За дверью прозвучало мое имя. Ее голос был все таким же пронзительным. Боязливым и резким, если она спешила или не знала, кто стоит за дверью, мрачным и тихим, когда она злилась, звонким и мелодичным, когда рассказывала одну из своих многочисленных историй. Дверь распахнулась. В старости мать снова обрела свою красоту. Она стояла передо мной в темных брюках и бледно-фиолетовом комплекте из джемпера и жакета, хрупкая и ранимая. Она снова начала следить за своим гардеробом. Я поздоровался, поцеловал ее в правую и левую щеки. И внезапно почувствовал потребность ее обнять. Неуверенно положил руку ей на плечо. Она вздрогнула от моего прикосновения или просто застыла? Отшатнулась? Мое прикосновение ей неприятно?

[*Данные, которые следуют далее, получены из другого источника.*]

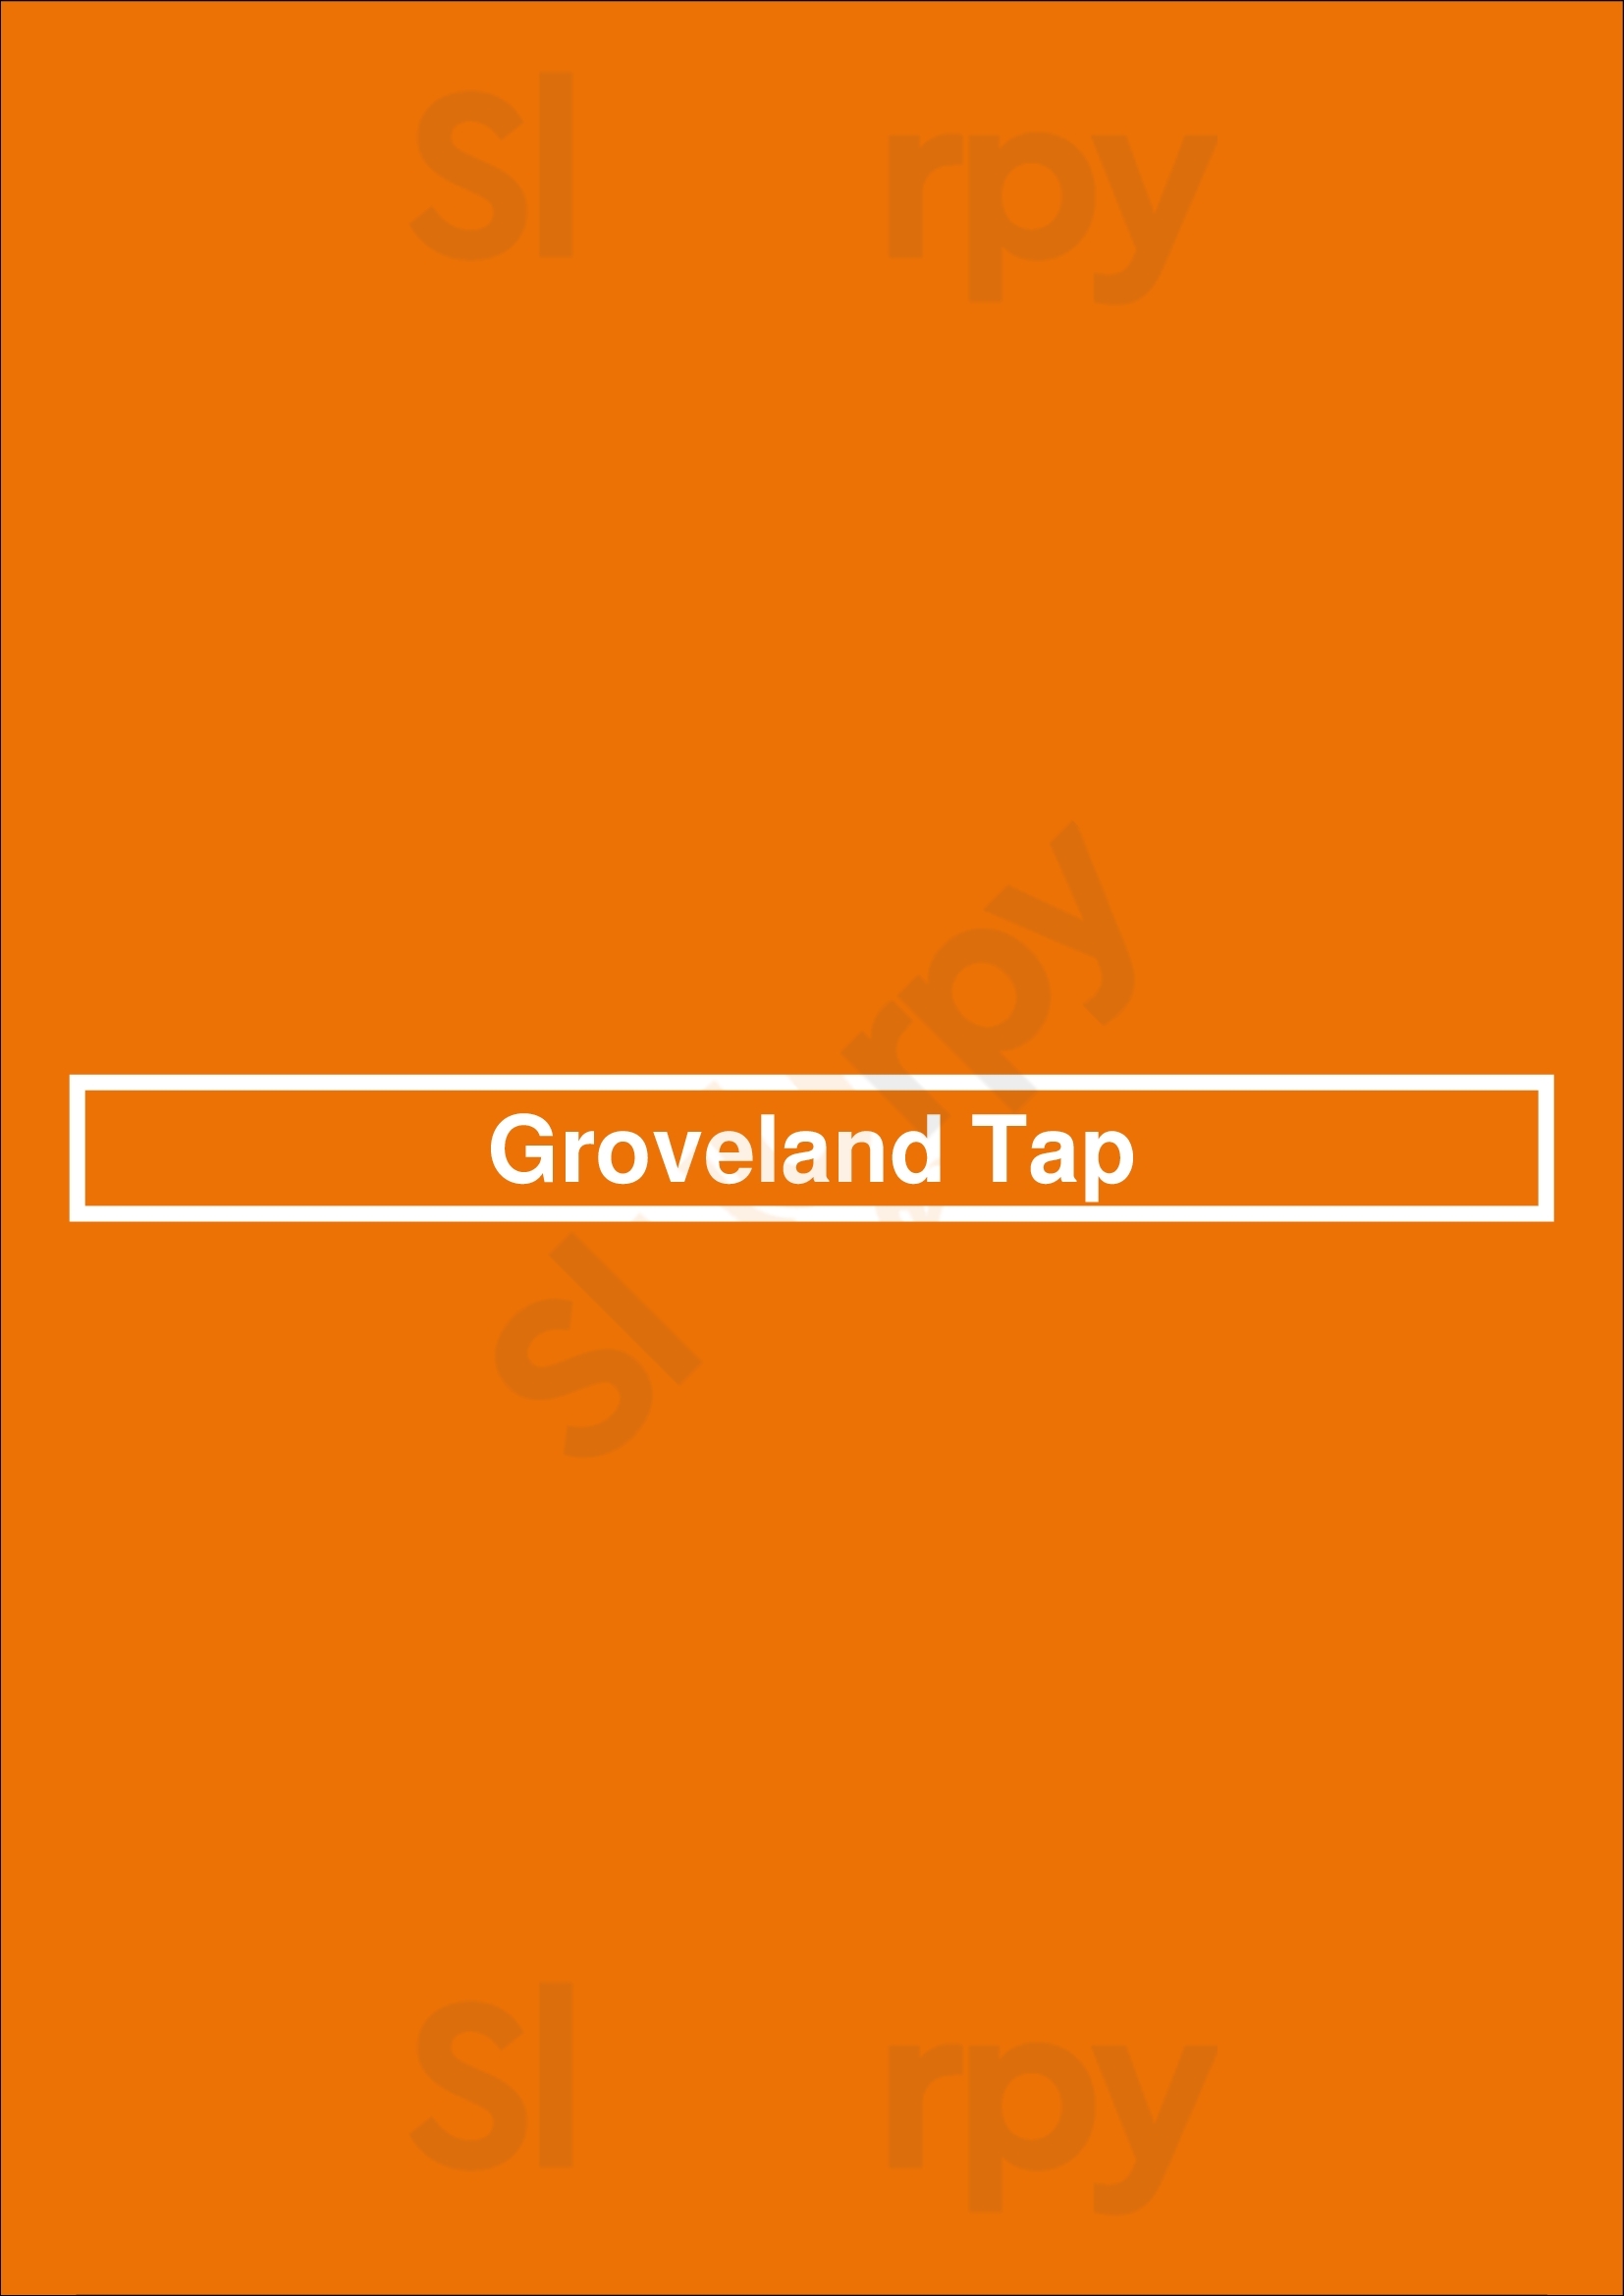 Groveland Tap Saint Paul Menu - 1

Уже в гостиной она склонилась над журнальным столиком. Расправила маленькую прямоугольную скатерть. За столиком, у стены, стоял широкий, обитый золотым бархатом диван. Его изогнутые ножки из красного дерева сужались книзу, к чуть мелковатым позолоченным лапам. «Ампир из имущества дворца», – доверительным тоном сообщала она каждому гостю. И не вдавалась в подробности. Мама путала правду и вымысел. Иногда она ограничивалась намеком, иногда давала волю необузданной фантазии. Она упоминала, что черный столик – новодел, но лишь для того, чтобы подчеркнуть свою осведомленность в подобных вопросах. «Но он вполне неплох», – уверенно добавляла она. И спорить с ней решался только глупец. Ее двухкомнатная квартира была тесно заставлена. Здесь было ее pied-à-terre
[1] с тех пор, как они с отцом покинули Берлин, чтобы провести последние двадцать лет совместной жизни в белом доме на фоне чужеземного лунного пейзажа. Они попытались сбежать от воспоминаний в национальный парк Кабо-де-Гата, к мысу Кошки. Справа от террасы простирался широкий пустынный ландшафт, снизу сверкало или буйствовало море. Пустыня у моря.